Question

During your summer internship for an aerospace company, you are asked to design a small research rocket. The rocket is to be launched from rest from the earth's surface and is to reach a maximum height of 960 m above the earth's surface. The rocket's engines give the rocket an upward acceleration so it moves with acceleration of 16.0 m/s2 during the time T that they fire. After the engines shut off, the rocket is in free fall. Ignore air resistance. What must be the value of T in order for the rocket to reach the required altitude?

Answer 1

Answer:

$T=6.75s$

Explanation:

We must separate the motion into two parts, the first when the rocket's engines is on  and the second when the rocket's engines is off. So, we need to know the height ($h_1$) that the rocket reaches while its engine is on and we need to know the distance ($h_2$) that it travels while its engine is off.

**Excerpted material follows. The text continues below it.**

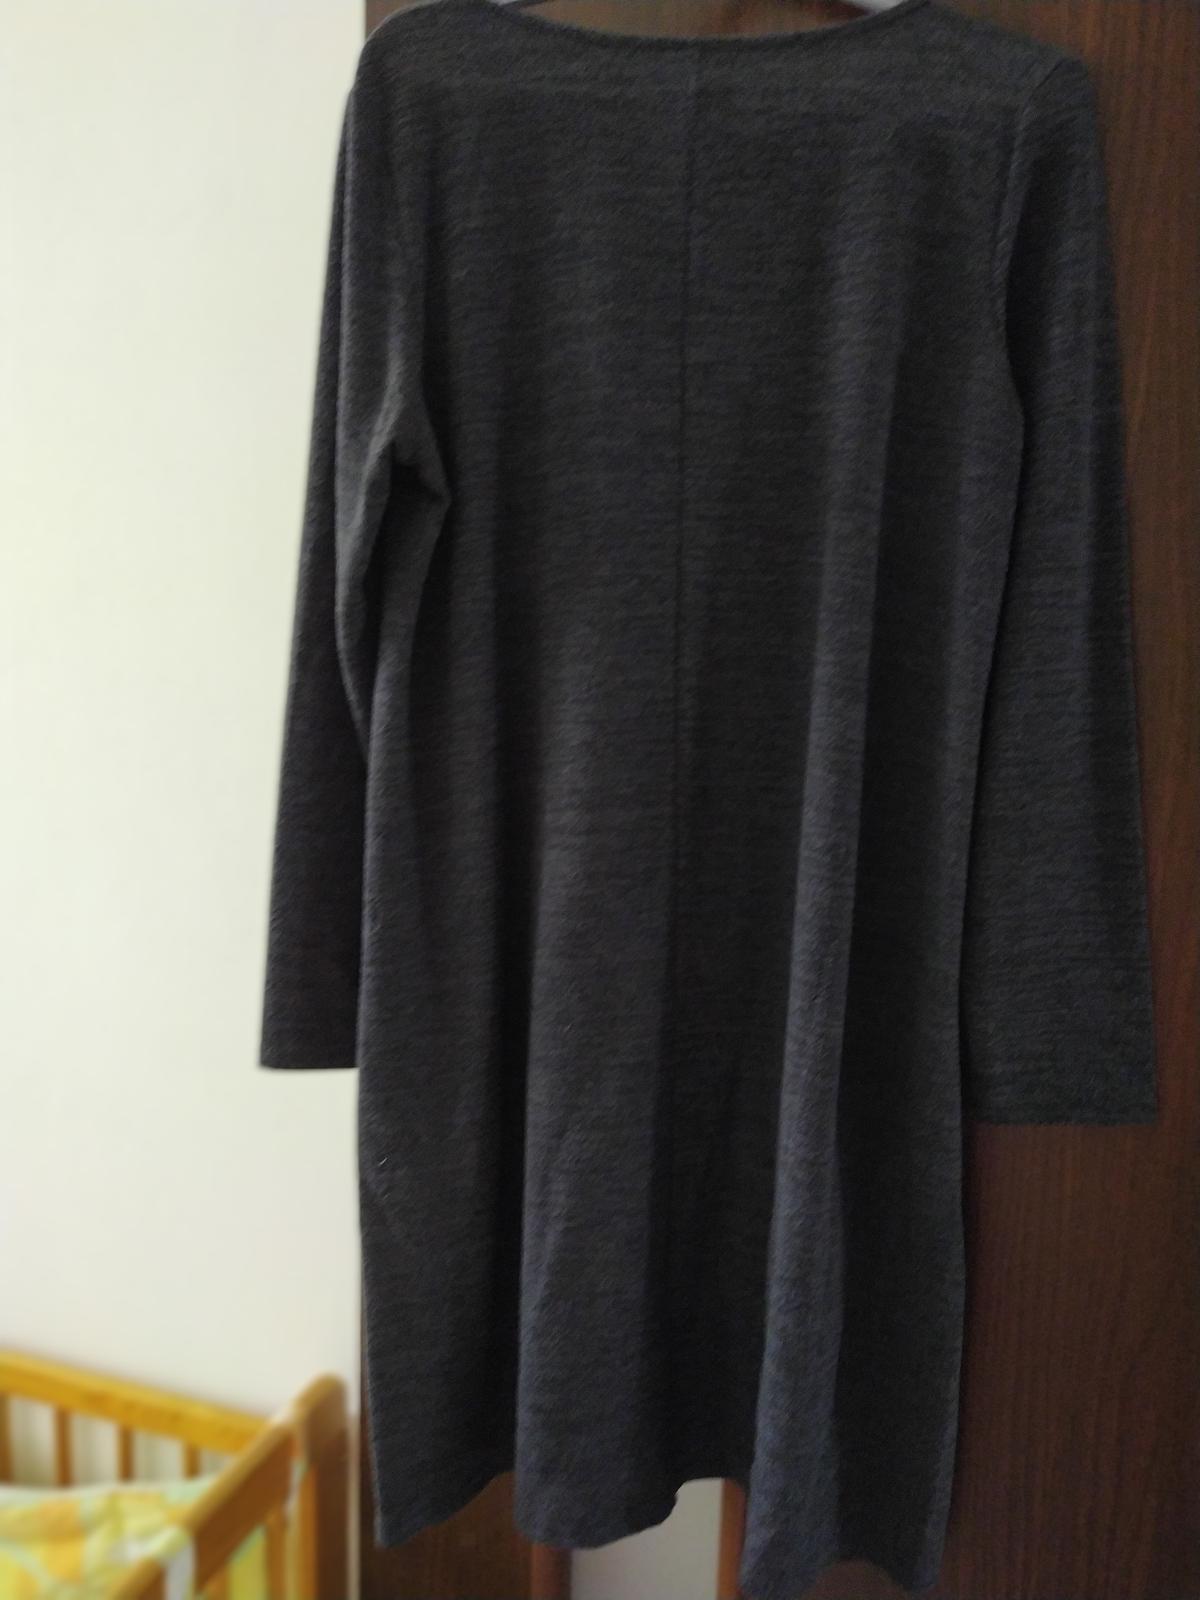 Dámske šaty - M - Obrázok č. 1

For solving this we use the kinematic equations:

In the first part we have:

$h_1=v_0T+\frac{1}{2}aT^2\\h_1=0*T+\frac{1}{2}(16\frac{m}{s^2})T^2\\h_1=8\frac{m}{s^2}T^2$

and the final speed is:

$v_f=v_0+aT\\v_f=0+16\frac{m}{s^2}T\\v_f=16\frac{m}{s^2}T$

In the second part, the final speed of the first part it will be the initial speed, and the final speed is zero, since gravity slows it down the rocket.

So, we have:

$v_f^2=v_0^2+2gh_2\\2gh_2=v_f^2-v_0^2\\h_2=\frac{v_f^2-v_0^2}{2g}\\h_2=\frac{0^2-(16\frac{m}{s^2}T)^2}{2(-9.8\frac{m}{s^2})}\\h_2=\frac{-256\frac{m^2}{s^4}T^2}{-19.6\frac{m}{s^2}}\\h_2=13.06\frac{m}{s^2}T^2$

The sum of these heights will give us the total height, which is known:

$h=h_1+h_2\\960m=8\frac{m}{s^2}T^2+13.06\frac{m}{s^2}T^2\\960m=21.06\frac{m}{s^2}T^2\\T^2=\frac{960m}{21.06\frac{m}{s^2}}\\T^2=45.58s^2\\T=\sqrt{45.58s^2}\\T=6.75s$

This is the time that its needed in order for the rocket to reach the required altitude.